They are made of styrene. I use a solvent type product (Plastruct Bondene or PlasticWeld, Ambroid ProWeld, Tenax, etc.) and then reinforce the main joints with silicone. I like to use PlasticWeld or ProWeld on Lexan.


-Brian


----------



## vsmith (Jan 2, 2008)

If anyone is interested, I have an unopened still in bag Colorado Models "Dispatch Office" for sale in the classifieds, make me an offer.


----------



## Nicholas Savatgy (Dec 17, 2008)

Victor, what are you getting out of large scale? your selling a lot of stuff lately.....


----------



## vsmith (Jan 2, 2008)

No, but I had to face the fact that my rather rambling collection had gotten just plain unmanagable, so I had to scale it back a bit, well, alot.


----------



## bottino (Feb 7, 2008)

Here is another Colorado Model I just finished. It is a railroad building, but I changed the painting and made it into a Harley Shop. I think I am done for now. 
Paul


----------



## blackburn49 (Jan 2, 2008)

Here is an easy job done on one of the Colorado model structures that became the local K & L Distributors office at Cicely. K & L is the Alaskan distributor for Budweiser and Alaskan Brewing products among many beer, wine and liquor products and also my principle supplier here at the CRD. That is why the Budweiser tap handle is mounted as a kind of art deco sign above the K & L office. It looks like it is just sitting on the roof, but in fact it is quite heavy and is bolted through the top to appear as if it could be a rotating sign. Over the years many a customer has expressed an interest in this handle. More than one has attempted to make off with it. Now it is finally retired to the model. 
Click any image for a larger one:


----------



## Dick Friedman (Aug 19, 2008)

Most everyone has said what I would have said about Colorado Models. I like them, and have about five. I suggested scale doors to the owner several years ago. Bought some of the doors with my last purchase not only for his kits, but to use on some other building, as I try to model in 1:32. 

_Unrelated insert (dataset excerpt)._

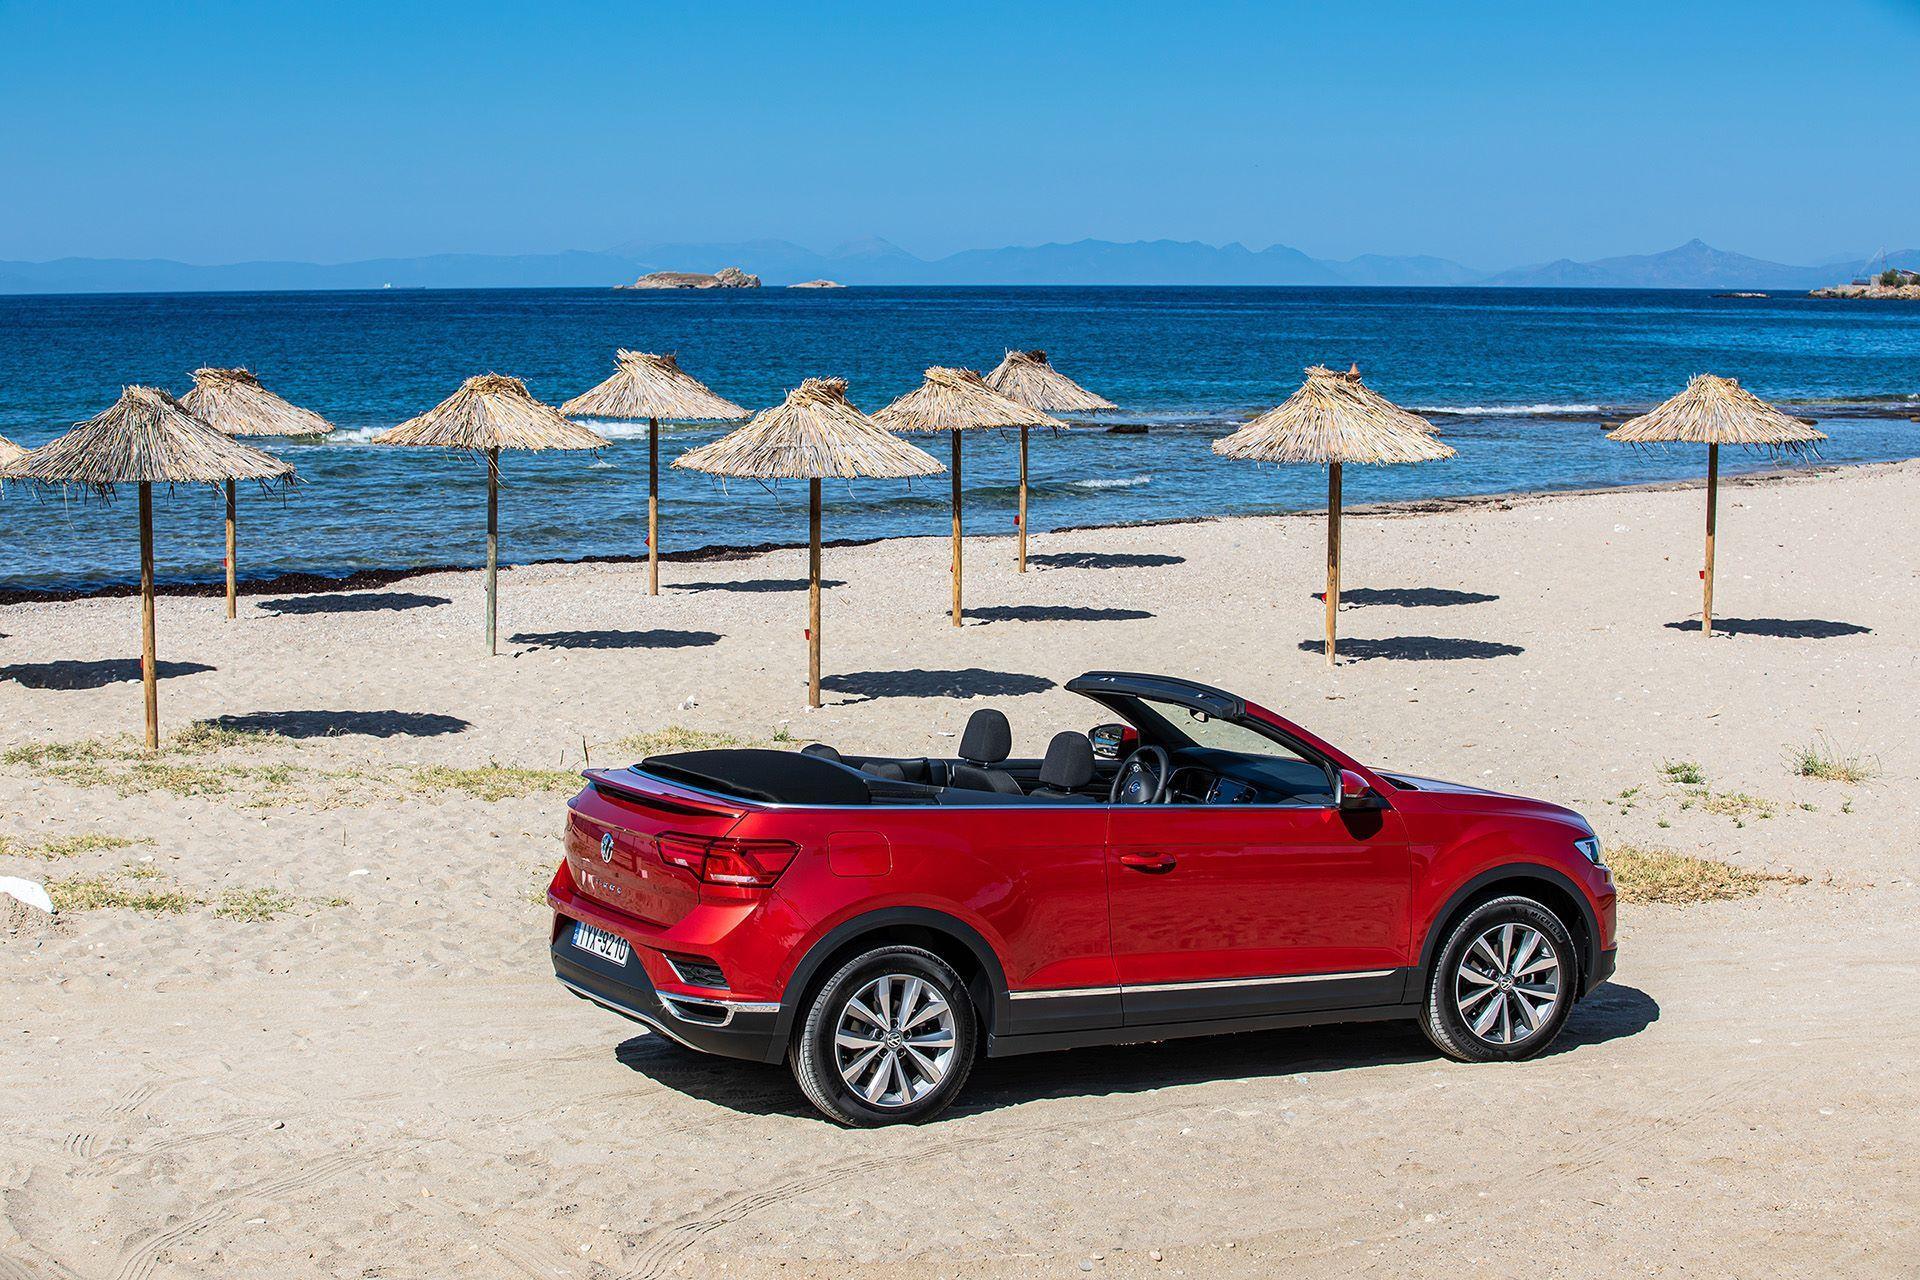 Volkswagen-T-Roc-Cabriolet-Greece-21

Have had some problem with them staying glued together, but now I reinforce the corners and the roof peak with plastic or wood. It helps to glue unpainted surfaces, but it is a pain to mask glue edges before painting. I just spray, then scrape the paint off.


----------



## mgilger (Feb 22, 2008)

What type of glue has everyone been using? I have built about 10 of these so far and I have used General Purpose Cement found in the plumbing supply section of my favorite Home Depot. Some have been out in the weather now going on their 3rd year. Most have held up pretty good, although I did bring a few in this past winter to reinforce the corners a bit.


----------



## bottino (Feb 7, 2008)

The plumbing glue sounds very interesting. I have used this "Sinbad" glue that is sold at ECLSTS by a couple, They were at the national convention in Arizona last year too. That stuff is really strong. They have a enhancer you put on first, it resembles the solvent you use with CPVC plumbing. But once you put the corners together, they are stuck. My fire house has now been out a full year, summer and winter, and looks just fine. 
Paul


----------